**The data**
········
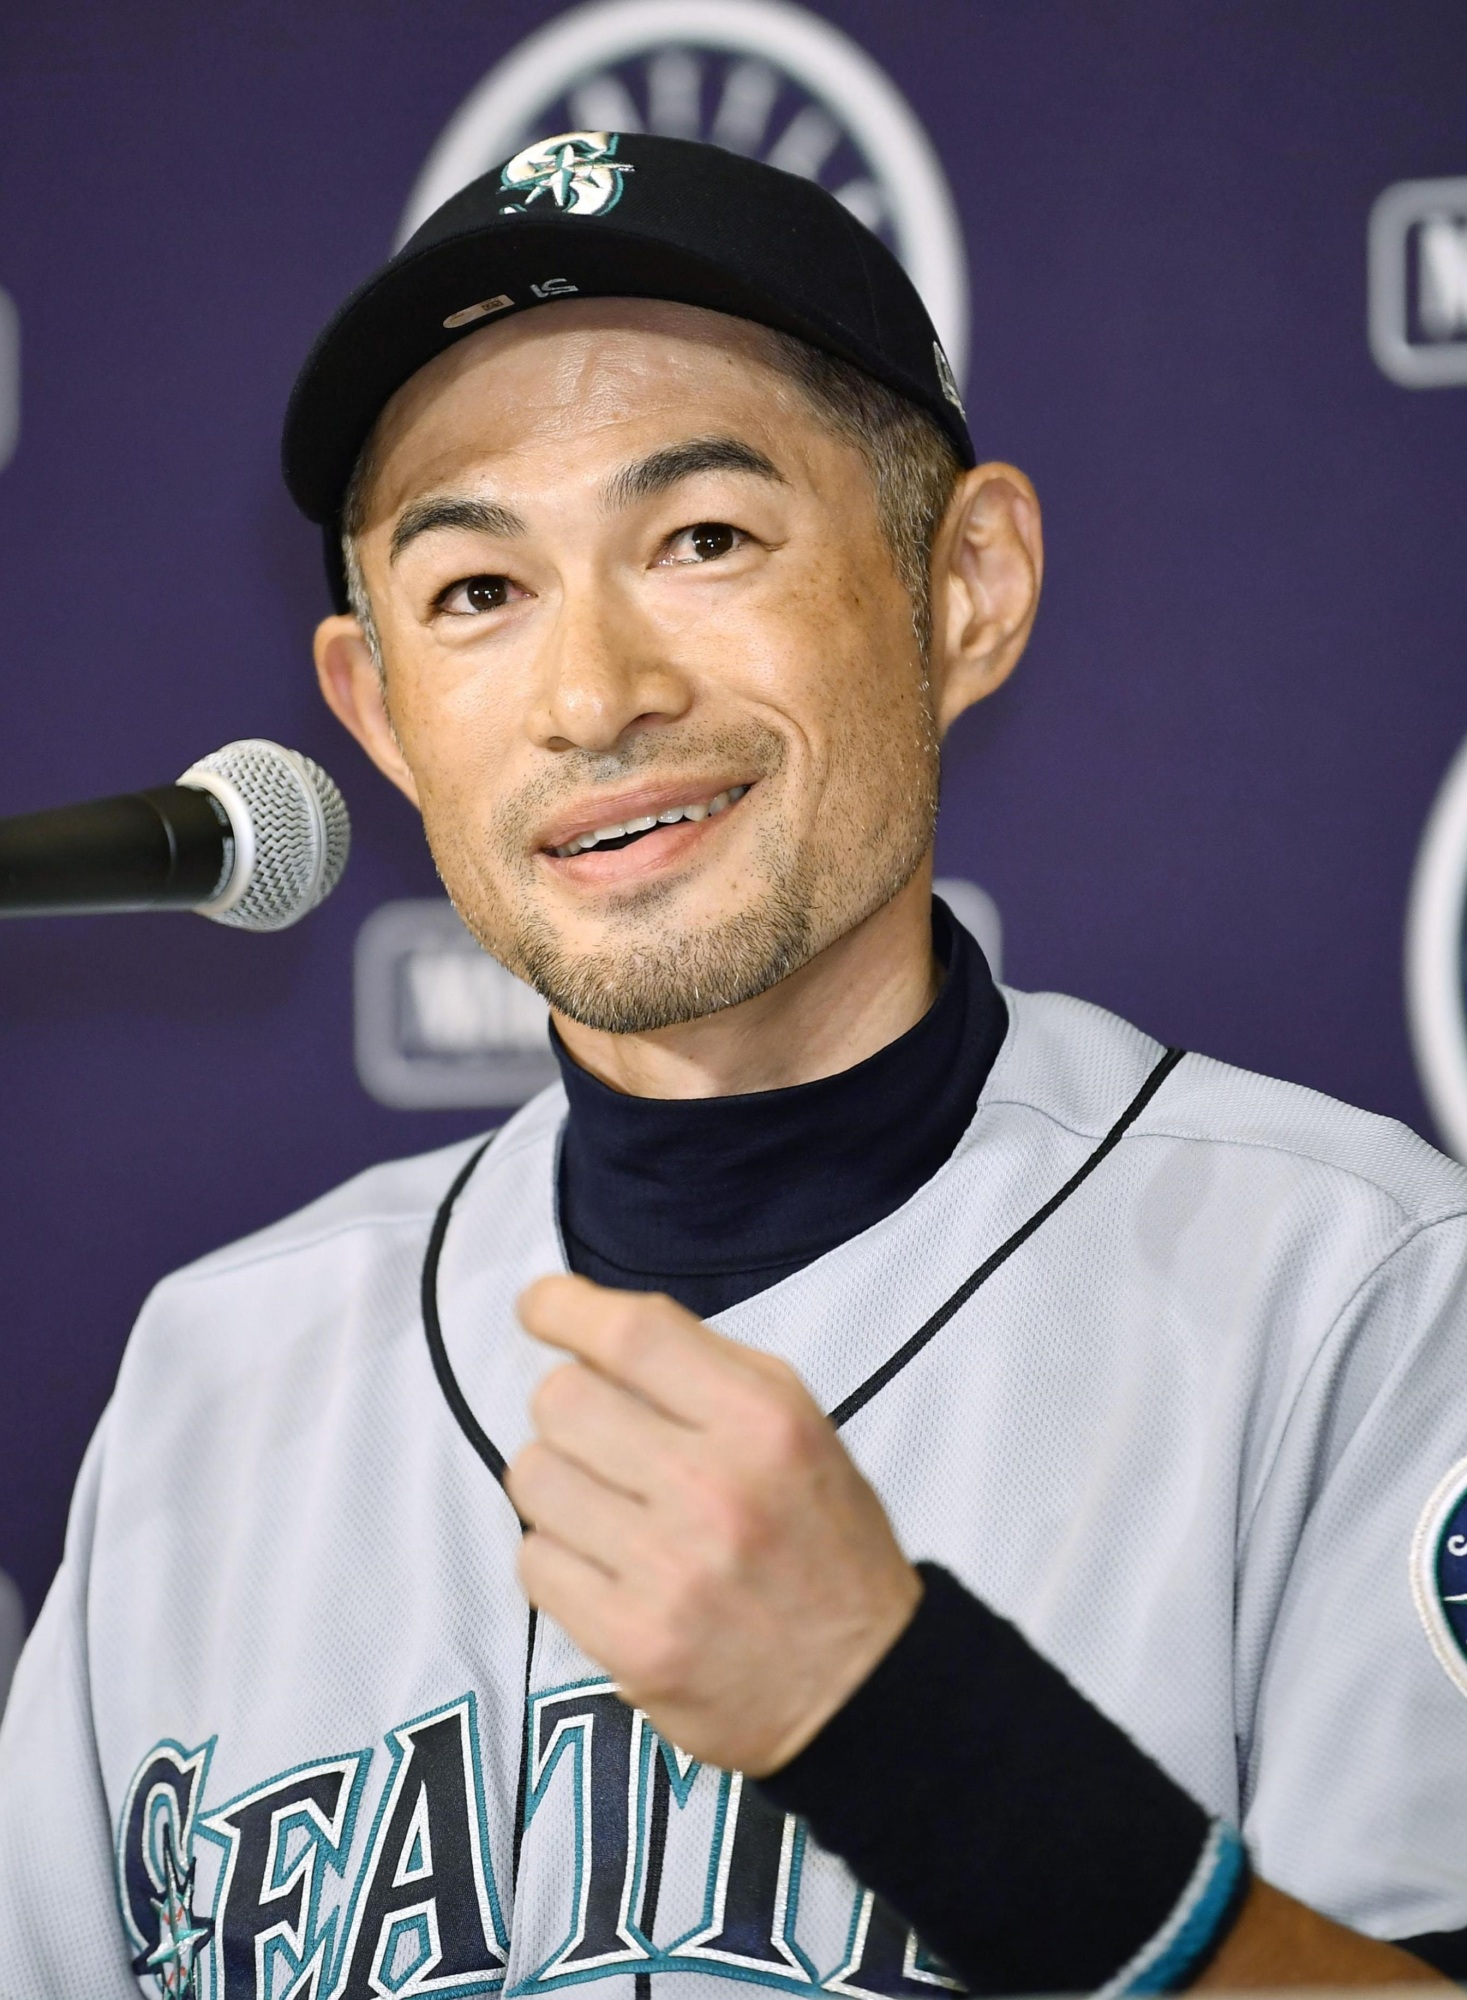 Ichiro Suzuki: 1 To 51. 51 Fun Facts & Stats on One of…, by Mariners PR
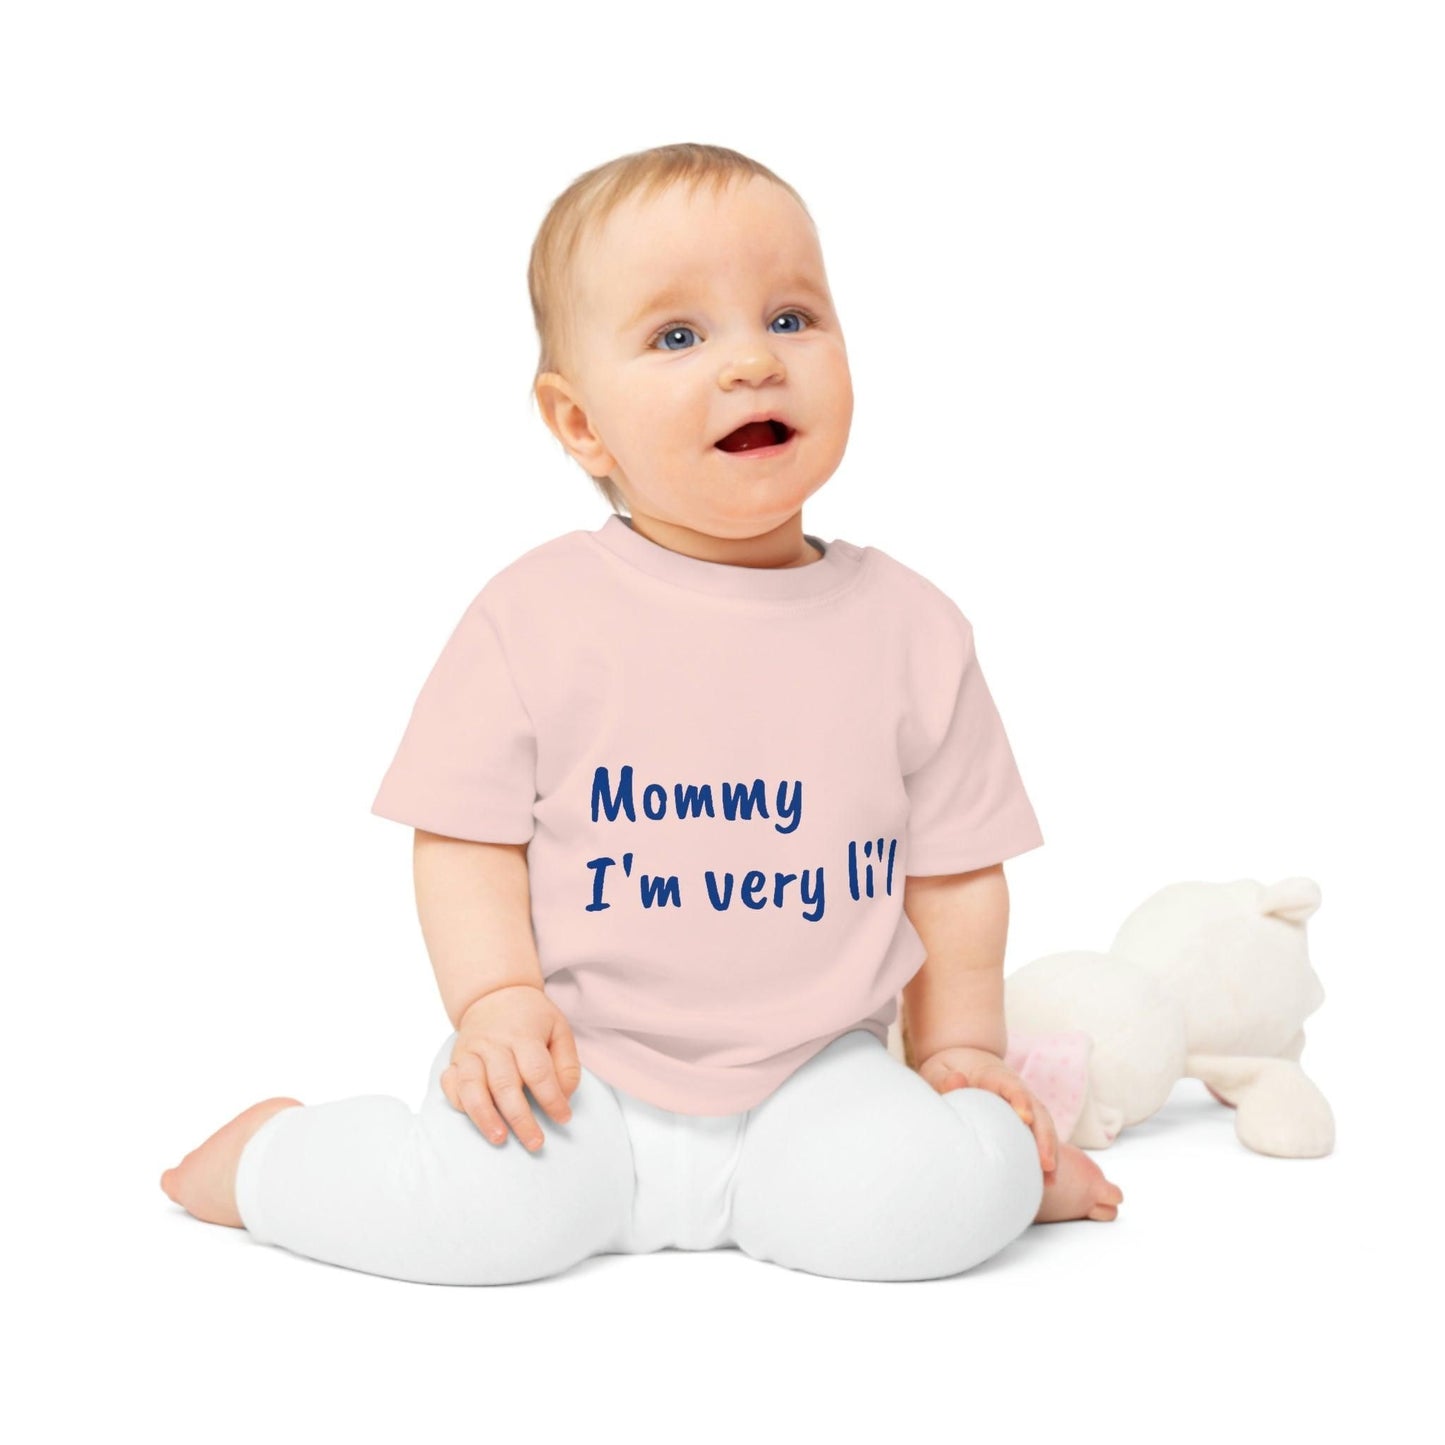 Baby T-Shirt - Mommy I'm very li'l (UK/Ireland) - e-mandi
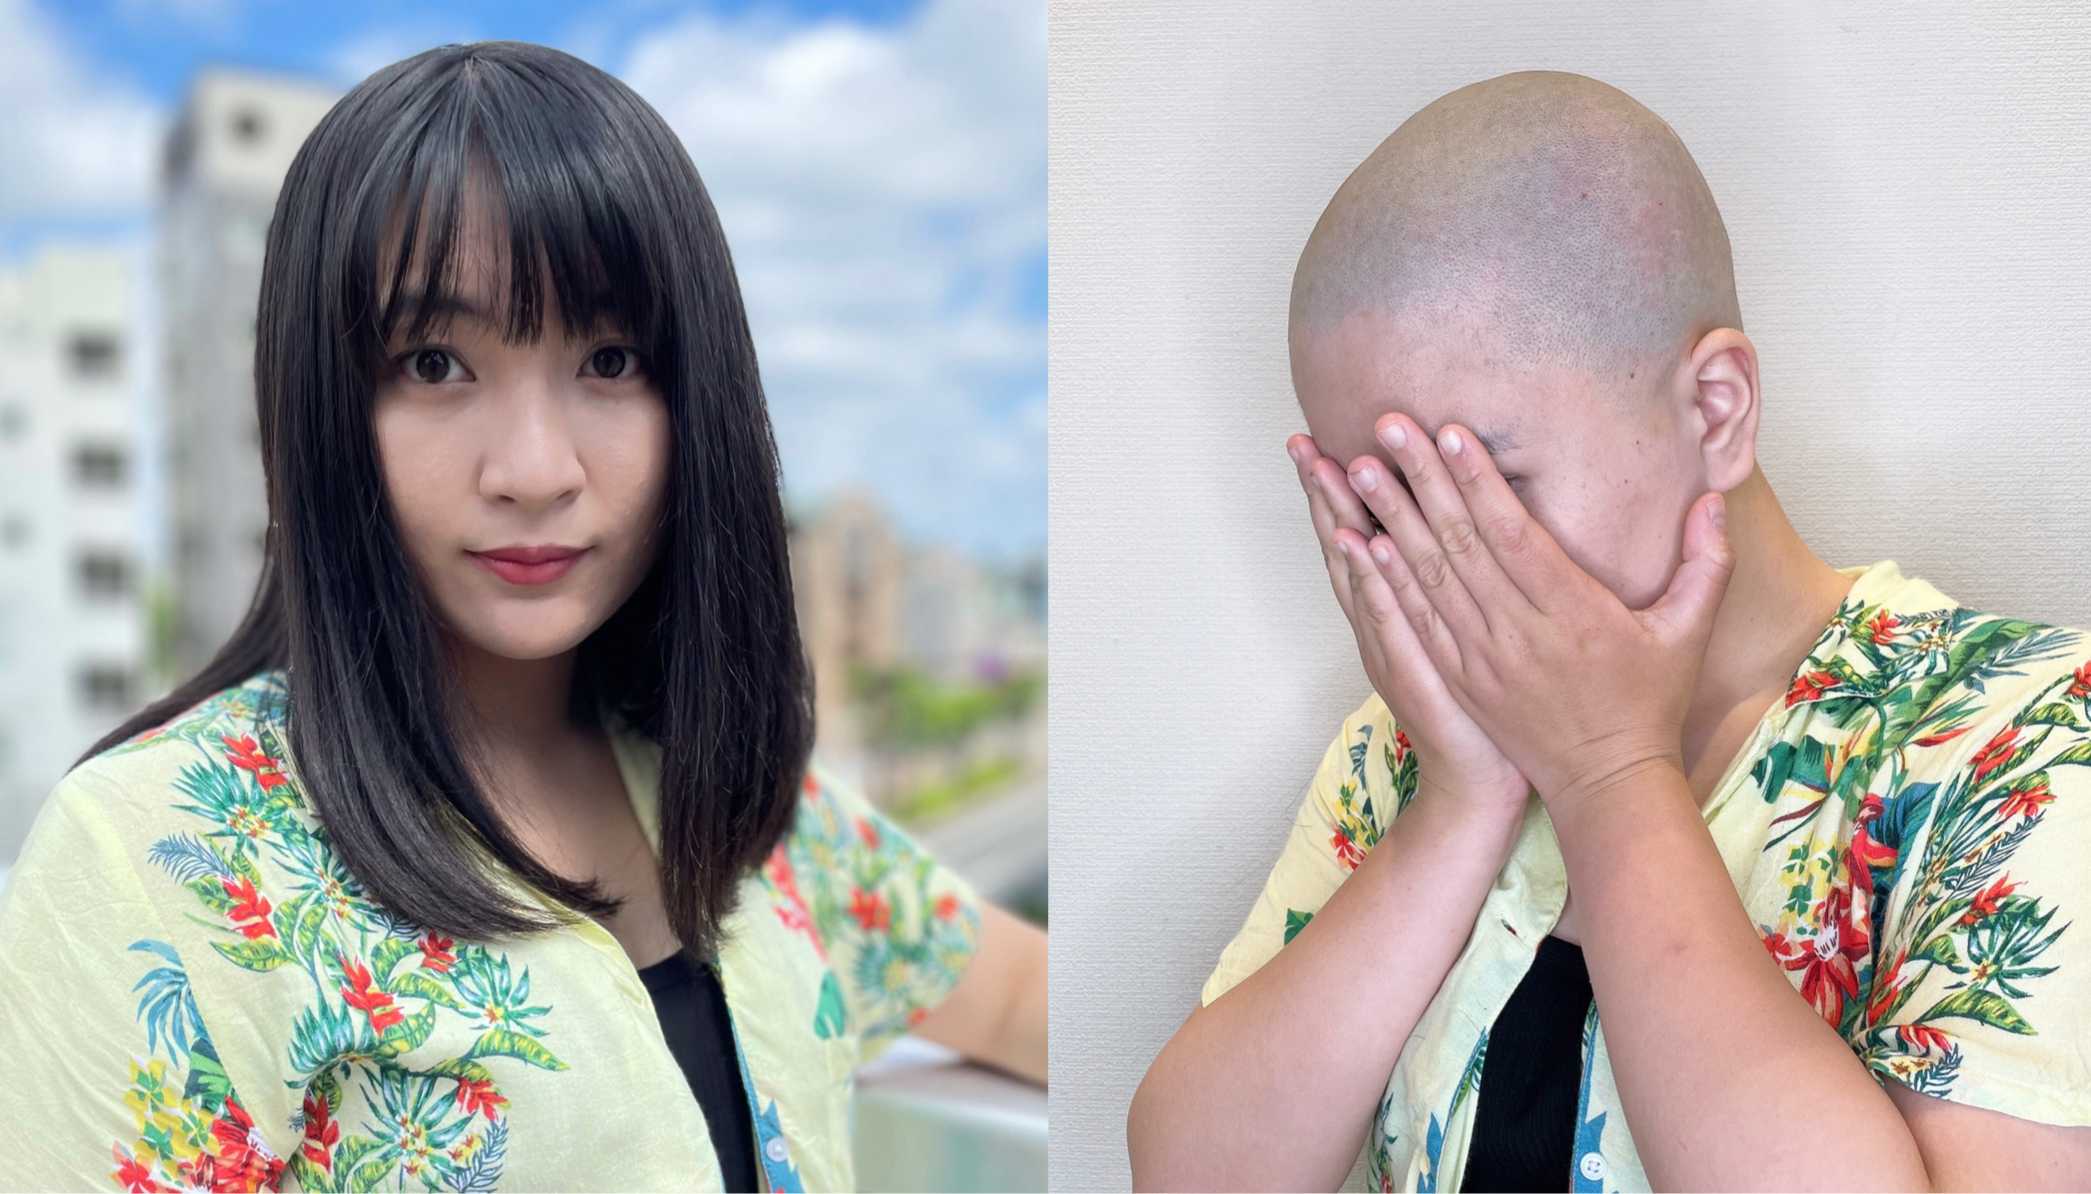 J158 女子大生サラサラ黒髪をスキンヘッドに Japanese Beauty Long To Bald 断髪美人 Long To Short Haircut
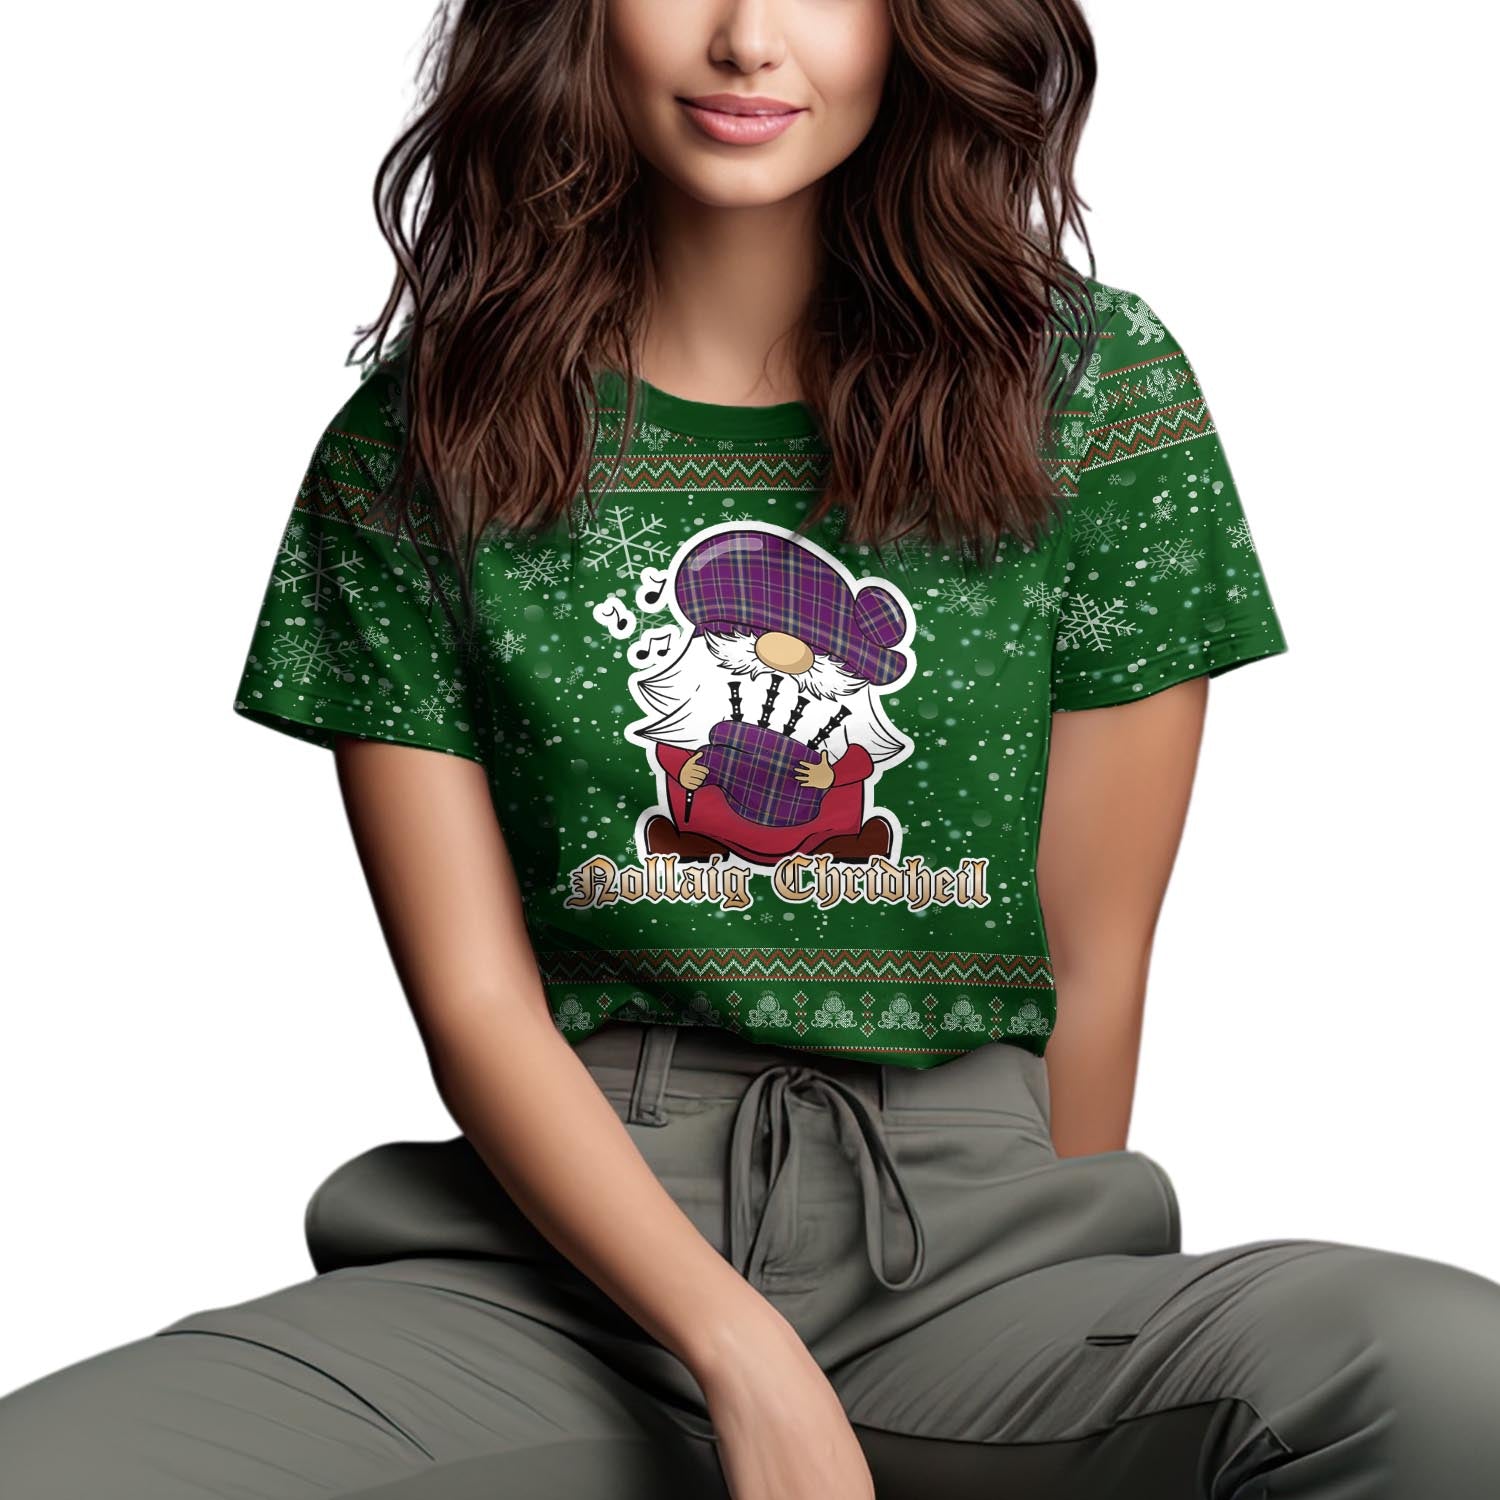 O'Riagain Clan Christmas Family T-Shirt with Funny Gnome Playing Bagpipes Women's Shirt Green - Tartanvibesclothing
········
**Aim of the exercise**
Print every line above exactly. Leave the pictures out.

**Solution to the problem**
 Ichiro Suzuki: 1 To 51. 51 Fun Facts & Stats on One of…, by Mariners PR
 Baby T-Shirt - Mommy I'm very li'l (UK/Ireland) - e-mandi
 J158 女子大生サラサラ黒髪をスキンヘッドに Japanese Beauty Long To Bald 断髪美人 Long To Short Haircut
 O'Riagain Clan Christmas Family T-Shirt with Funny Gnome Playing Bagpipes Women's Shirt Green - Tartanvibesclothing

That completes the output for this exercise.